I would love to believe RAND's estimated 8.2 million increase in ESI between September and March but my experience in commissioning similar polls suggests to me that it is not real but due to an unanticipated side effect of the poll methodology.

We know that there is a pretty large "churn" in insurance status. Some people will gain jobs with insurance, while others lose them. Some people retire, get sick, or die. But one would expect the number gaining and losing employer coverage would be about equal. RAND's 8.2 million increase is the difference between 14.5 million estimated to have gained employer sponsored insurance and 6.3 million estimated to have lost it (with an estimated 102.4 million having employer coverage in both polls).

RAND's theory is that the threat of penalties has forced some to take up employer health care that they had chosen to go without before. In recent years the number of people covered by employer sponsored insurance has been declining, probably due to the ever increasing cost. So why would this trend suddenly be reversed so dramatically? If the individual mandate were the cause, surely there would have been all kinds of reports about such a dramatic increased enrollment? We have not seen any yet?

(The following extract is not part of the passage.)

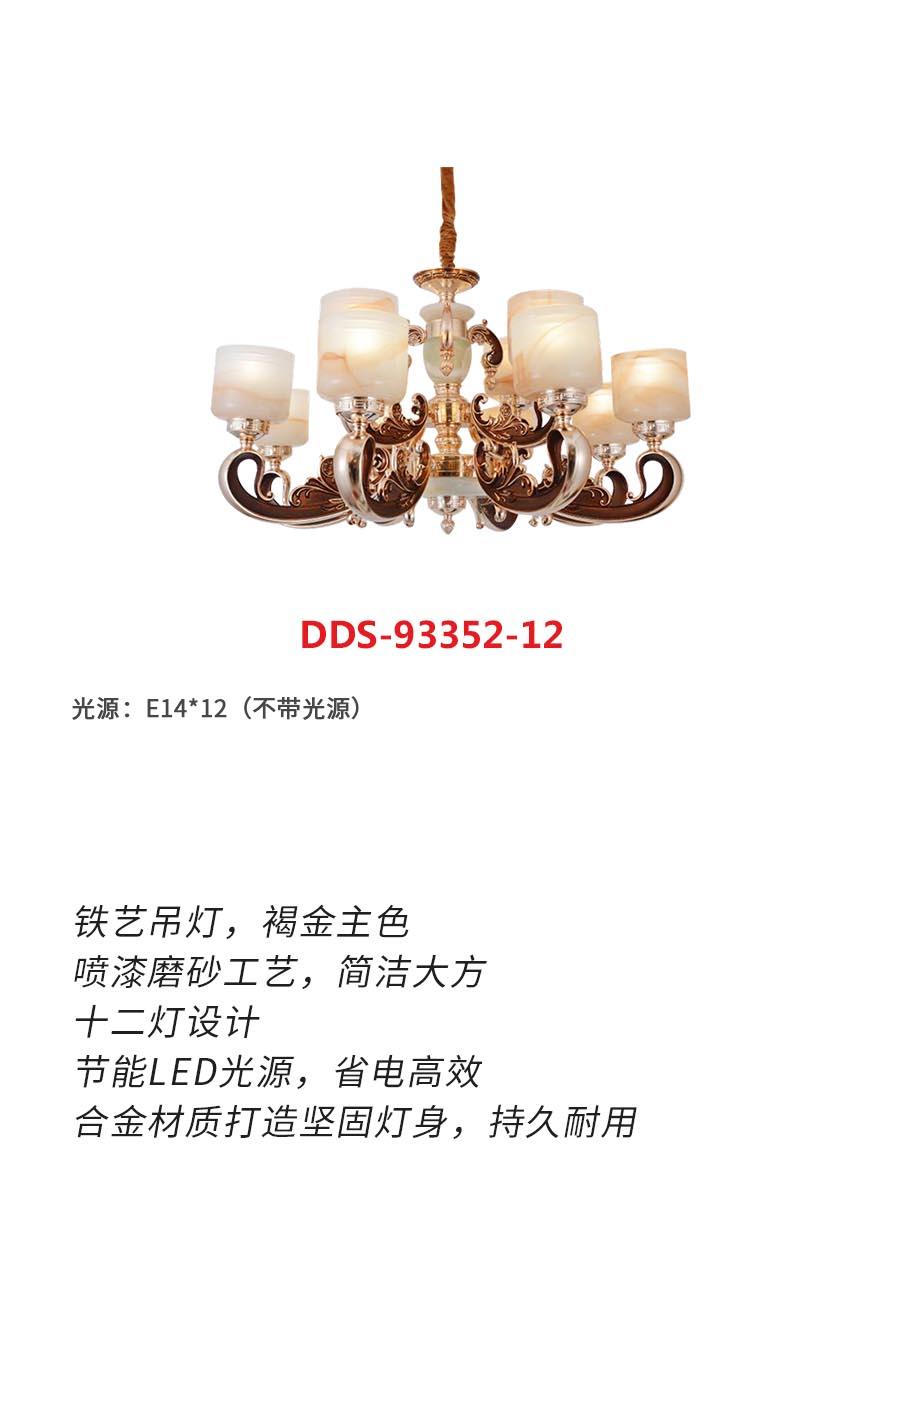 DDS-93352-12b.jpg

My belief is that the reported increase may be due to the design of the poll. This poll is unusual in that it interviewed the same people twice, first in September and then again in March. This allows it to see how many of the sample actually change from one type of cover to another.  But its weakness is that inevitably somewhere between 5 and 10% of the people you interviewed in the first round can't be contacted again. Some may refuse to answer more questions, but more likely the phone number has been disconnected. RAND reports that 2641 people were interviewed in September but only 2,425 of these (91.8%) were interviewed in March. So RAND went ahead with those who answered both surveys, assuming that were similar to the whole population.

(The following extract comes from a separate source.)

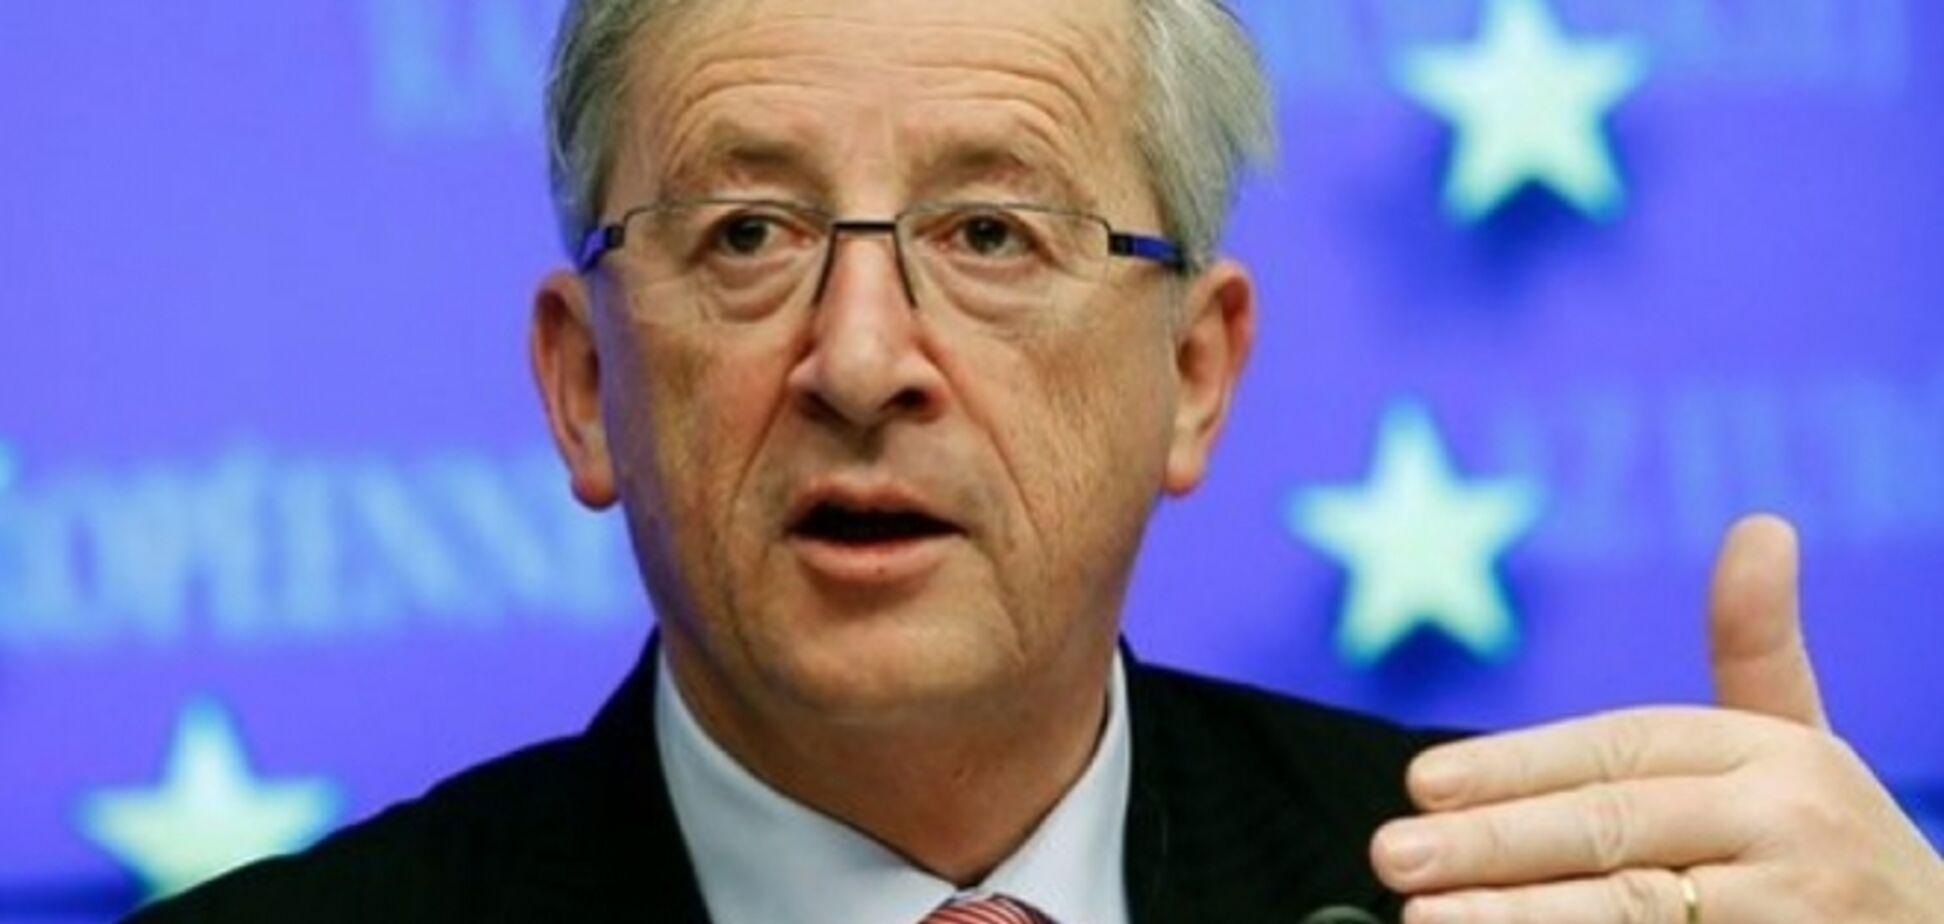 Єврокомісію очолив головний лобіст інтересів України в ЄС

Unfortunately this assumption is only justified if there is no correlation between life events that cause loss of employer insurance and RAND's failure to contact the sample again.  But why do phone numbers get disconnected?

  • some people die or get sick and move into care;
  • others move to a different part of the country (too far to keep their old number);
  • some can't afford to pay their bill, or decide they can't afford to pay for both cell and home phone.

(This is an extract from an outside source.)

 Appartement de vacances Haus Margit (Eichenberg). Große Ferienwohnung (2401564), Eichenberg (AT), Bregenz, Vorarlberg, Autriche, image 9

And why do people lose employer coverage? Basically they either lost their job or they chose to leave it.  If you lost a job you are more likely to be short of money and unable to pay the phone bill.You may also have to move to find work, or move in with relatives. You leave a job either because you found a better one (in which case you likely still get employer cover) or often because your family are moving to another City. New jobs may impose a waiting period for employer coverage. So it is quite possible that half the people who lost employer coverage between September 2013 and March 2014 were missed by this survey, as they were among the 8.2% of the sample who could not be contacted again.

Until we see other evidence to suggest that the mandate has caused a massive increase in take-up of employer offered cover, I just don't believe RAND's numbers.